My PIL's are cleaners - OP I can assure you that they are not being exploited, nor do they feel inferior to the people whose houses they clean! It's just a job, which is ideal for them as they choose their own hours and can work as much or as little as they want.
They couldn't and wouldn't want to do the jobs of the people they clean for, so I really can't see why those people should work less hours and clean their own houses!

propertyNIGHTmareBEFOREXMAS · 29/04/2013 17:25

Yabu to judge your friend but I can see where you are coming from with your personal feelings towards cleaners. I would not have a cleaner for similar reasons to those you have listed. It just feels wrong and exploitative to me. I recognise I am probably unusual in thinking that!

curryeater · 29/04/2013 17:25

Oh yes and something else relating to my initial point No. 4.

Cleaning (and all housework) is skilled. Not in the sense of driving a car where you should not even attempt it without a qualification, but more in the sense of singing, where anyone can and should have a go, but some people, whether through training, effort, or talent, are really bloody brilliant at it and better than nearly everyone else.

I think it is important to note this, because I know a lot of women do housework to a much higher standard than the man of the house but because it is notionally shared (although he never re-uses leftovers, never remembers what to pick up between big shops, doesn't do any sort of tricksy laundry or hang things out so they don't need to be ironed, etc, while she does all the clever stuff) he thinks it is easy. He just hasn't noticed that he has done about a third of it to a rather sloppy standard. I think pro-cleaners work against the delusion that housework is effortless and anyone can immediately go a great job. I do a great job - when I can - when I have any time at all to spend at home - because I have been trained since I was 4, and I think about it a lot.

Goldenbear · 29/04/2013 17:25

It is not an 'odd' opinion, it is just not one held by the typical Poster on here.
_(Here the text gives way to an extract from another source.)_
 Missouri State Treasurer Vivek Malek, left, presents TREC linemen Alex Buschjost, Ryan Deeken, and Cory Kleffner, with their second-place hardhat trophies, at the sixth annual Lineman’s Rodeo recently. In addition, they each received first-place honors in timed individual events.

SilverOldie · 29/04/2013 17:25

YABU Biscuit

"I am a good friend and would never do or say anything judgemental" No you're not a good friend and you are judgemental. It's none of your business if she has a cleaner. I'm so pleased I don't have a 'friend' like you.

My cleaner does an hour a week for £12 and has never had to clean up my bodily mess. I'm not ga ga quite yet.

What a very boring life you must lead to get het up about such a thing.

Trill · 29/04/2013 17:28

I really don't understand why you see cleaning as a job around which the choices are moral choices rather than simply practical ones.

parttimer79 · 29/04/2013 17:28

YABU but I'm not as eloquent as curryeater so I'll just leave you to read her posts

Unami · 29/04/2013 17:29

Also, posters are right when they point out that I'm talking in abstract when it comes to redistributing better paid/more interesting work. I wish it was possible though! A lot of us would be a lot happier.

I'm not jealous, I'm ok with my domestic arrangements. Nor am I spitting venom and bile at her for having a cleaner. I understand that it's her decision, I just have this feeling about it that I can't shake, although some posters have given me new perspectives on the issue.

I also think it is interesting that a lot of posters have assumed that she has hired a cleaner because she earns well/works hard/is very busy. She doesn't work especially long hours or have a demanding job. In fact she has only recently started working part-time, although she was doing a full-time internship before that.